By Andrea Robin
When people think of the word “intimacy”, they automatically
associate it with romantic relationships. And it sends some people running for
the hills. I have come discover that intimacy is an essential part of all
close relationships. And while it isn’t always easy to do, it’s totally worth
it. It involves making yourself open and vulnerable and allowing people to see
who you really are. Tearing down any walls you’ve built up around you from past
hurts and letting yourself be open to being hurt again. All in the name of
love.
I had read some years ago, that if you cannot gaze into the
eyes of the person that you are dating/married/ seeing/etc that there is
something intrinsically wrong with that relationship. A lack of true intimacy.

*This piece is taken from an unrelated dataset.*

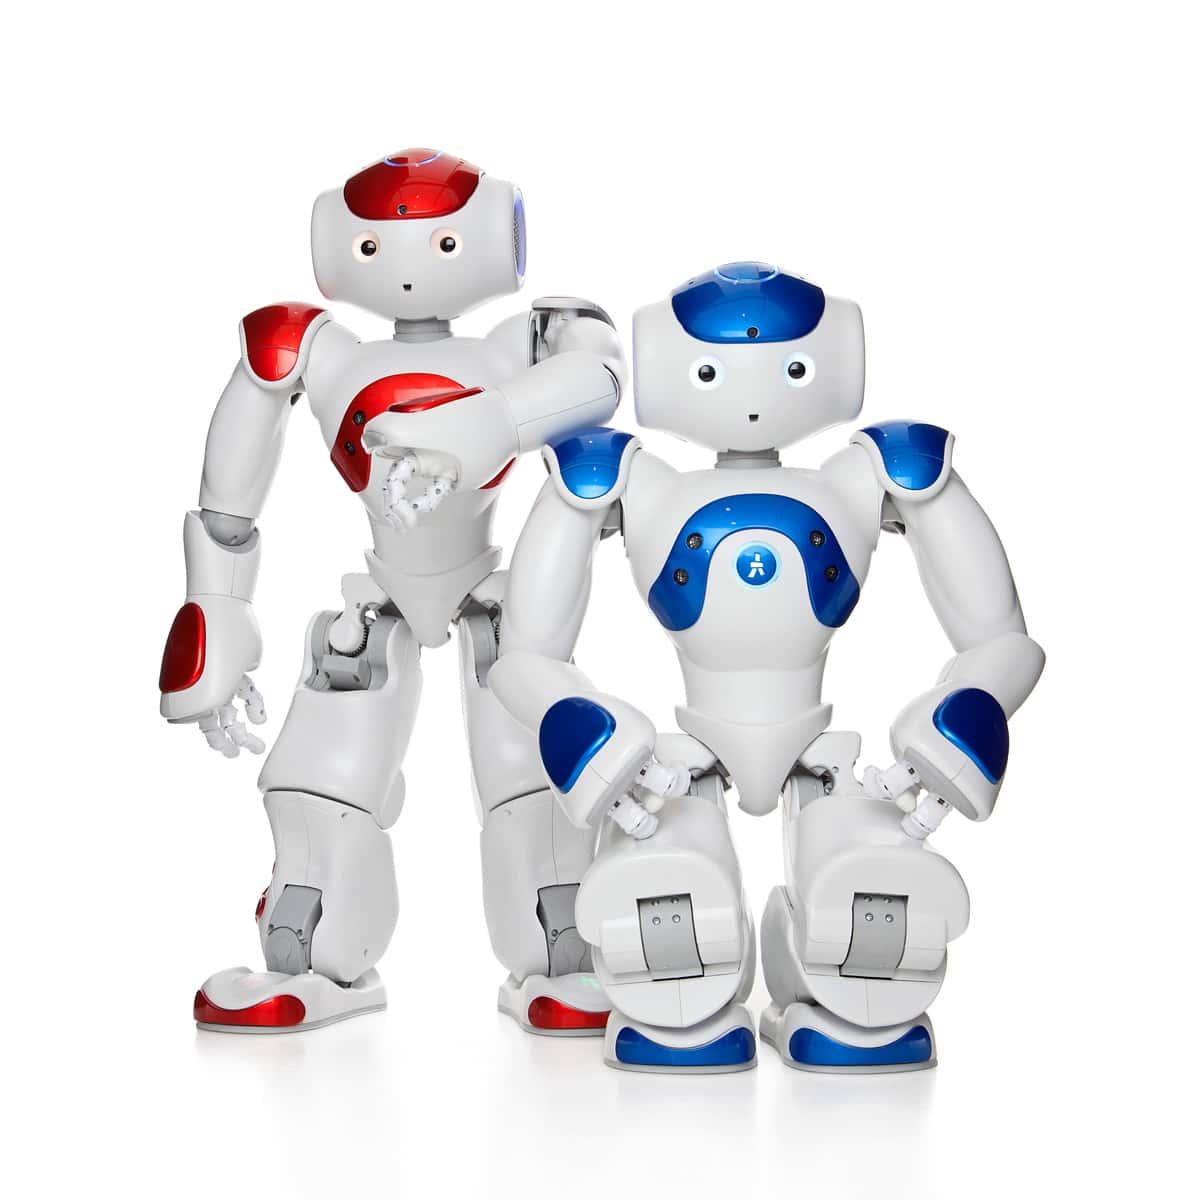 BEHAVIOUR DESIGN OF NAO HUMANOID ROBOT

It doesn’t mean that relationship can’t be healed with a little (or a lot) of
work, but both partners have to be willing to put in the time and effort. I’ve
noticed in my Couples yoga classes, that during the asanas in which you are
supposed to look into your partner’s eyes, so many couples are uncomfortable
with it. As the weeks go on, some couples stop coming to class (granted, that
could be for a variety of reasons). But for the couples that continue to come
to class and work on looking into each other eyes, I can see a change in how
they relate to each other. Both physically and in how they verbally communicate
with each other.
I’ve noticed a change I myself since I’ve started practicing
Partner yoga. I’ve been teaching it for a while, but teaching is not the same
as experiencing. Experiencing the asanas and eye connection has made me a much
better teacher and showed me that it’s safe to trust and open myself up to
someone I barely know. I’ve sat in a position with my partner that would make
most married couples blush. But because we already had a positive connection
with each other, and are working at deepening our trust of each other, we
understood what it was that we were doing. I felt safe. And I was able to open
up to him, much quicker, in such a way that would have taken me months with
other people.
You don’t have to being doing Couple or Partner yoga for a
deepening of intimacy to occur. You know how you sit with close friends when
discussing something really important to one of you? You are very close to each
other, possibly touching knees or hands, and really looking into their eyes so
they know you are listening and understanding them? That’s how we should strive
to talk to all our friends and family, all the time. Your children will feel
heard and important. Your friends will be grateful for your advice and just
being there for them. You will connect on a deeper level of understanding and
love with everyone in your life.
Andrea is a member of the YCW 200hr Teacher Training program.